■ Your goal: Where an image appears, leave it out; otherwise repeat the data exactly.

■ Information shown:
________

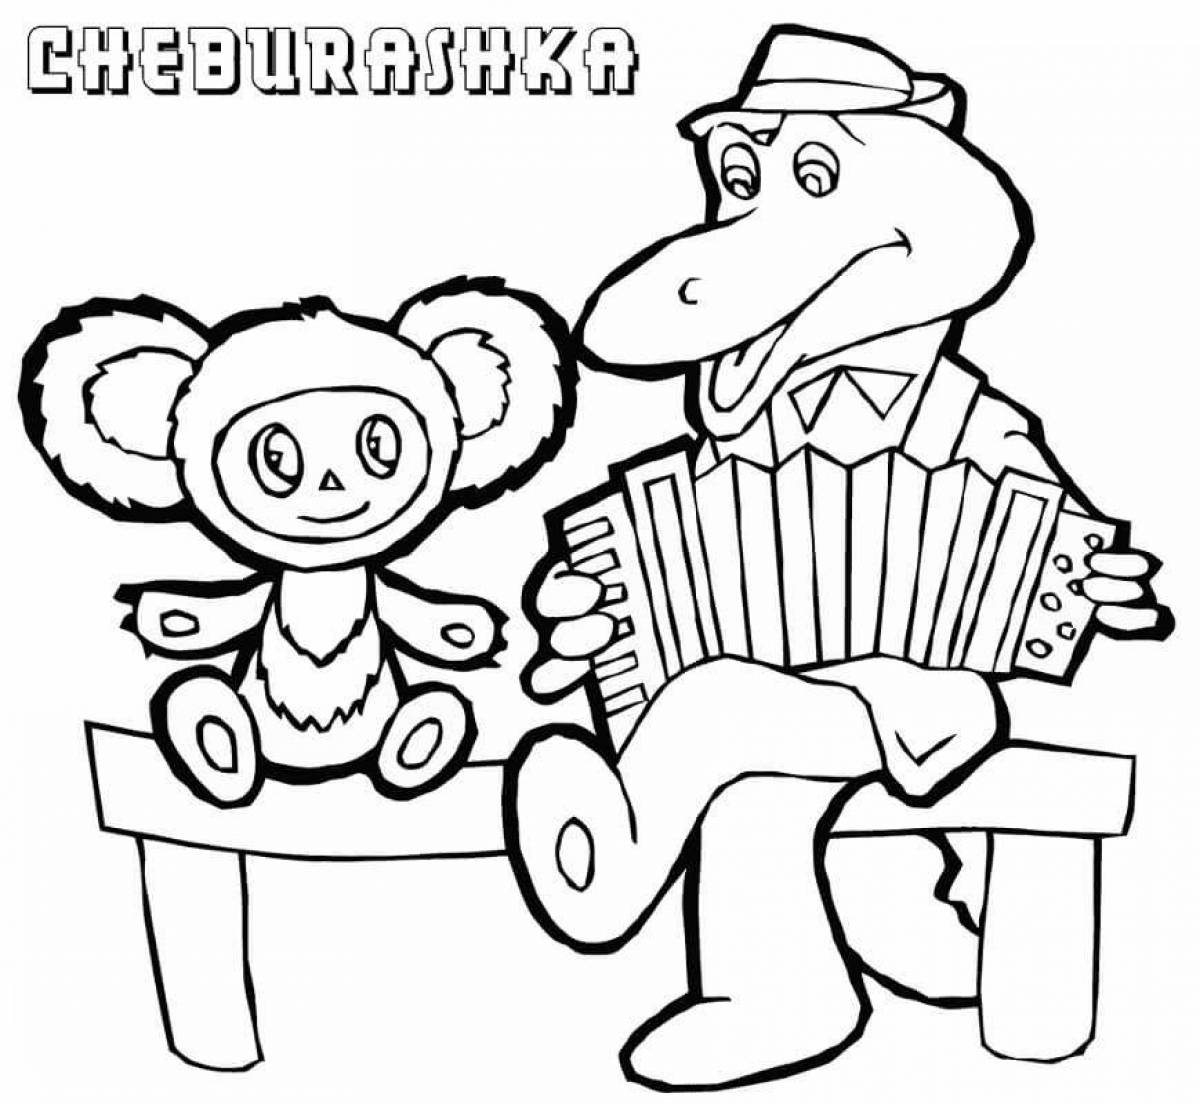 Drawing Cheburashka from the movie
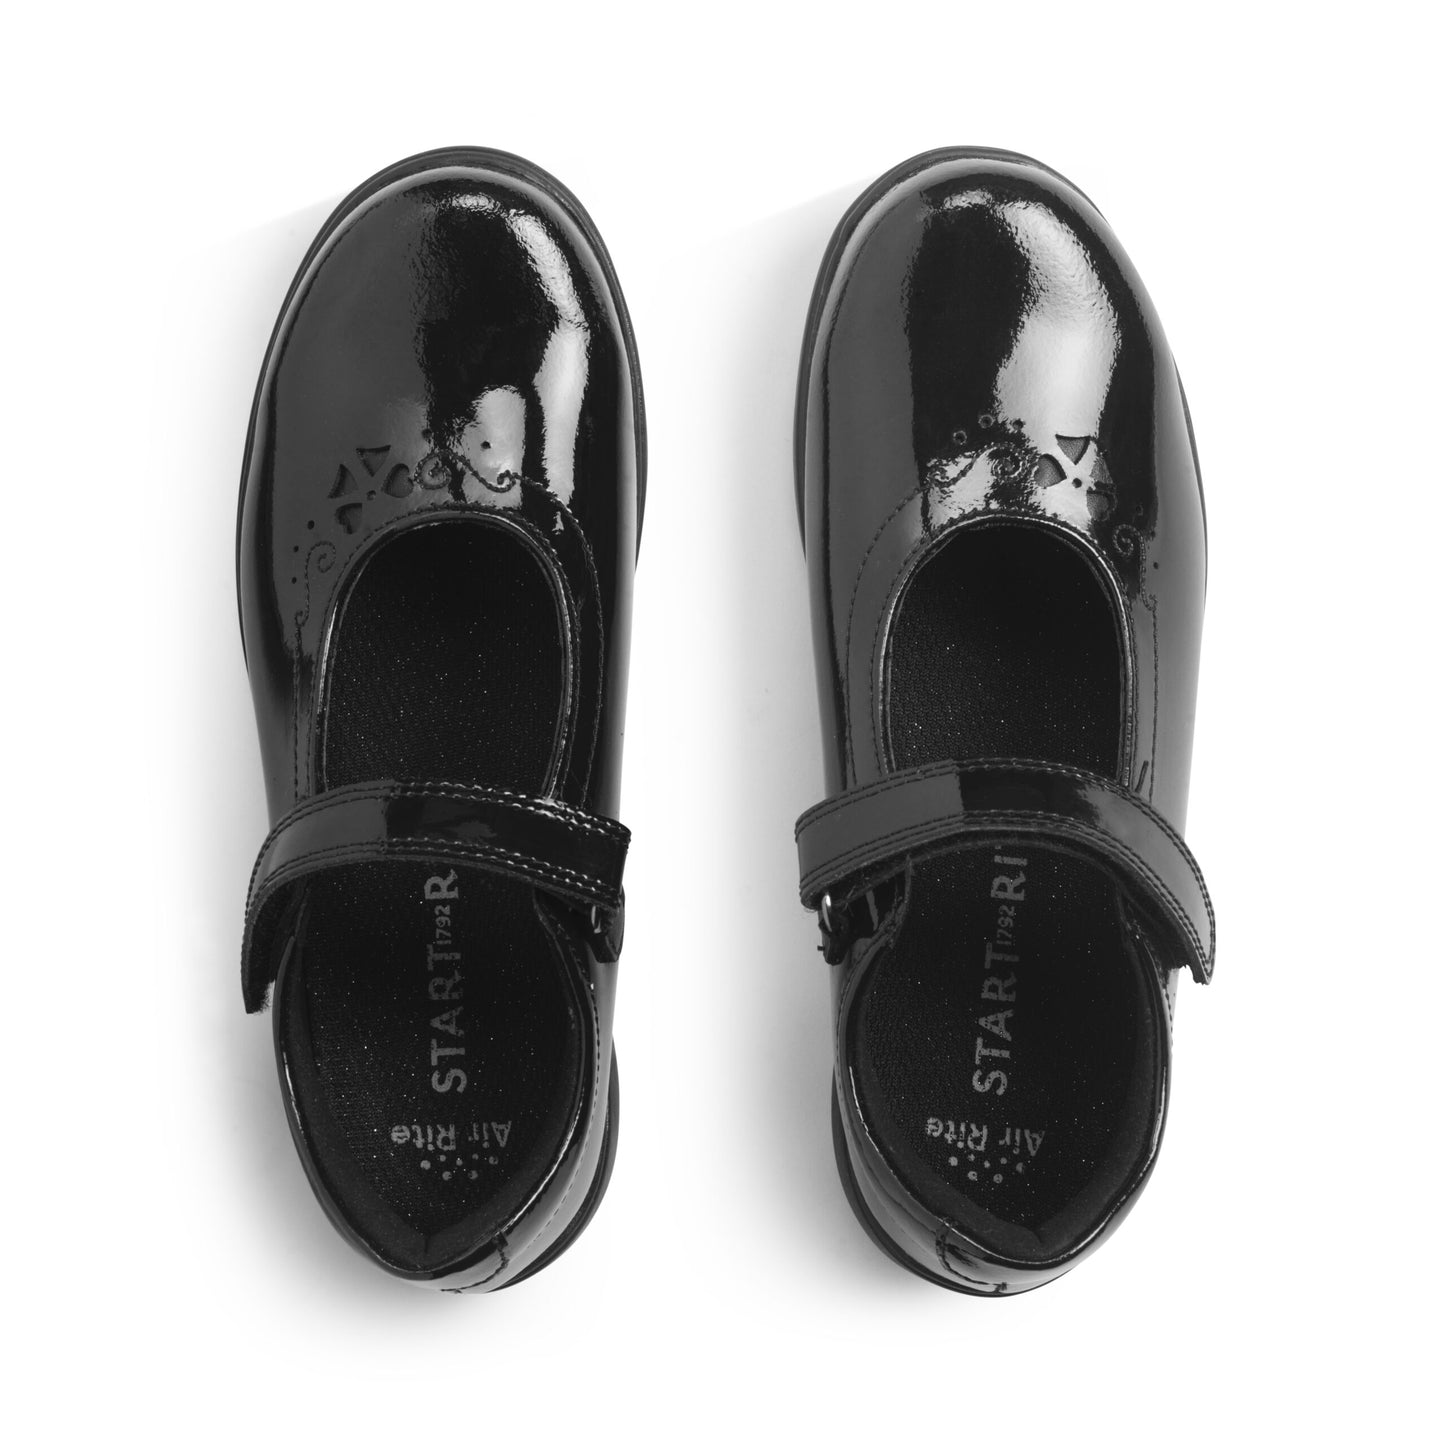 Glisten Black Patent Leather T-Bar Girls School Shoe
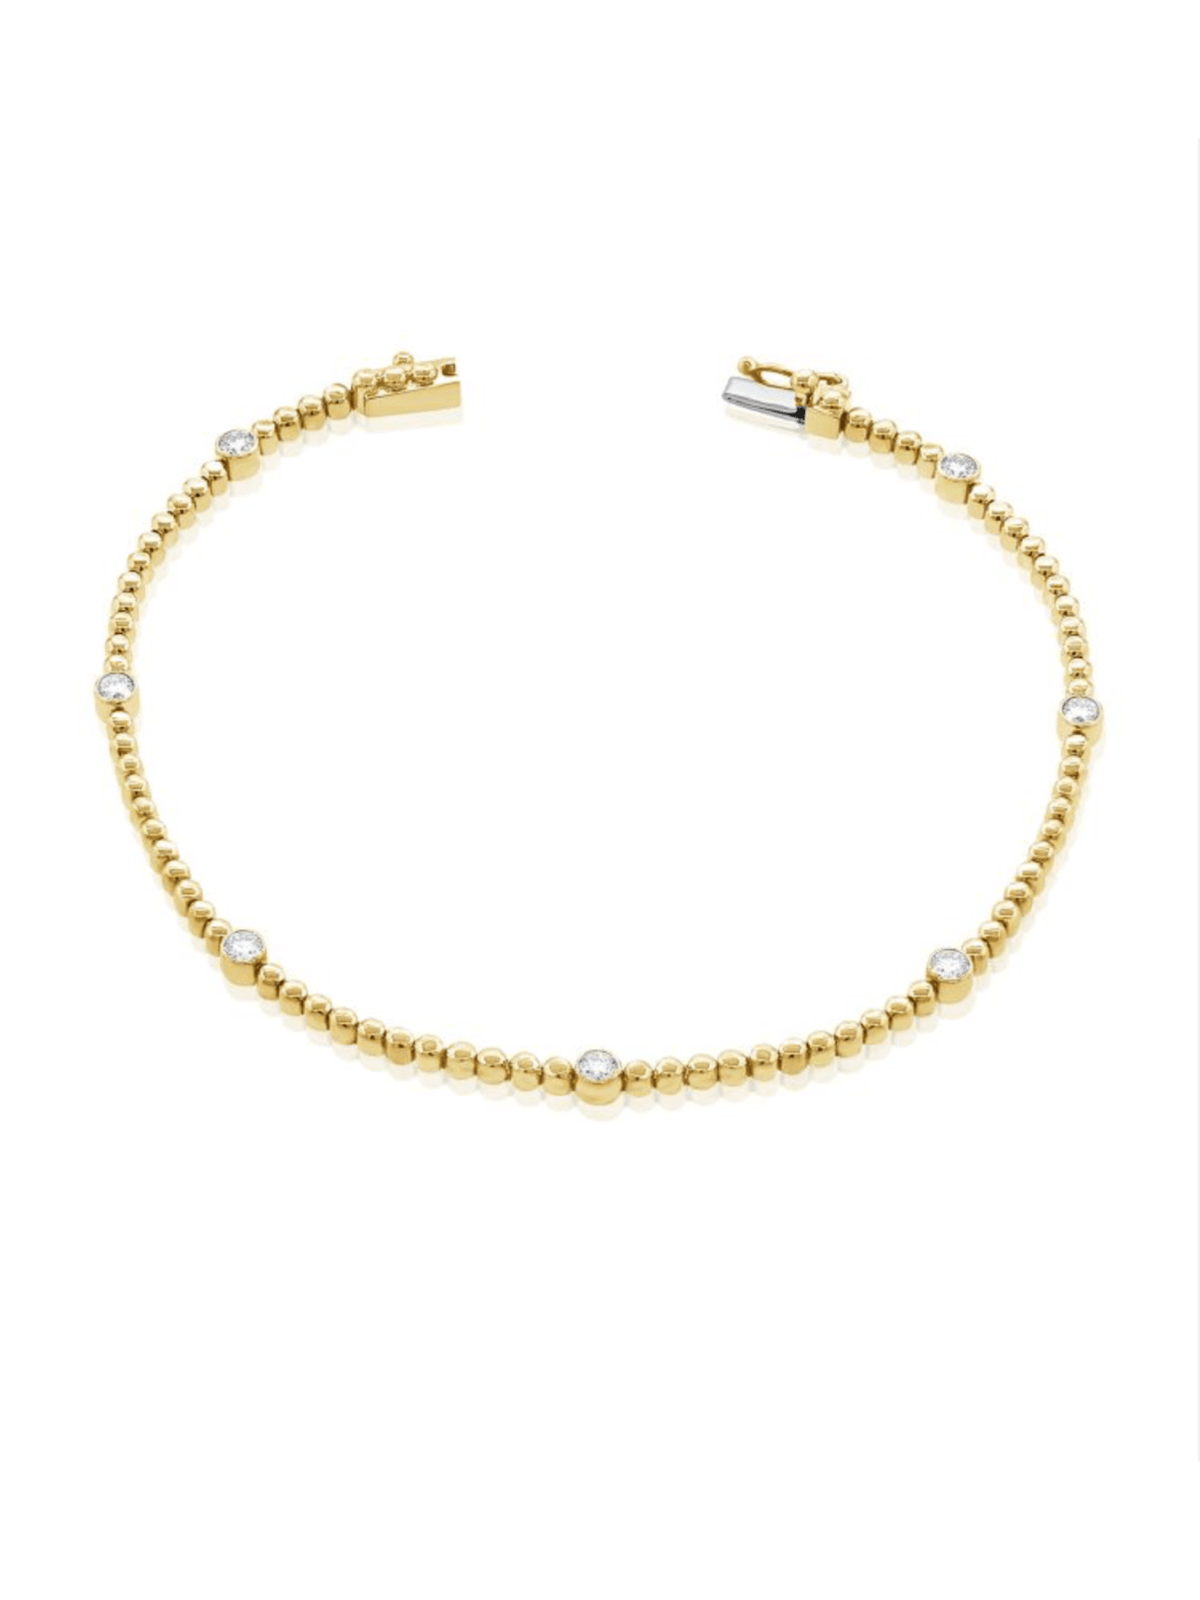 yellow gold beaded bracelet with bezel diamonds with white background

________

■ The answer:
 Drawing Cheburashka from the movie
 Glisten Black Patent Leather T-Bar Girls School Shoe
 yellow gold beaded bracelet with bezel diamonds with white background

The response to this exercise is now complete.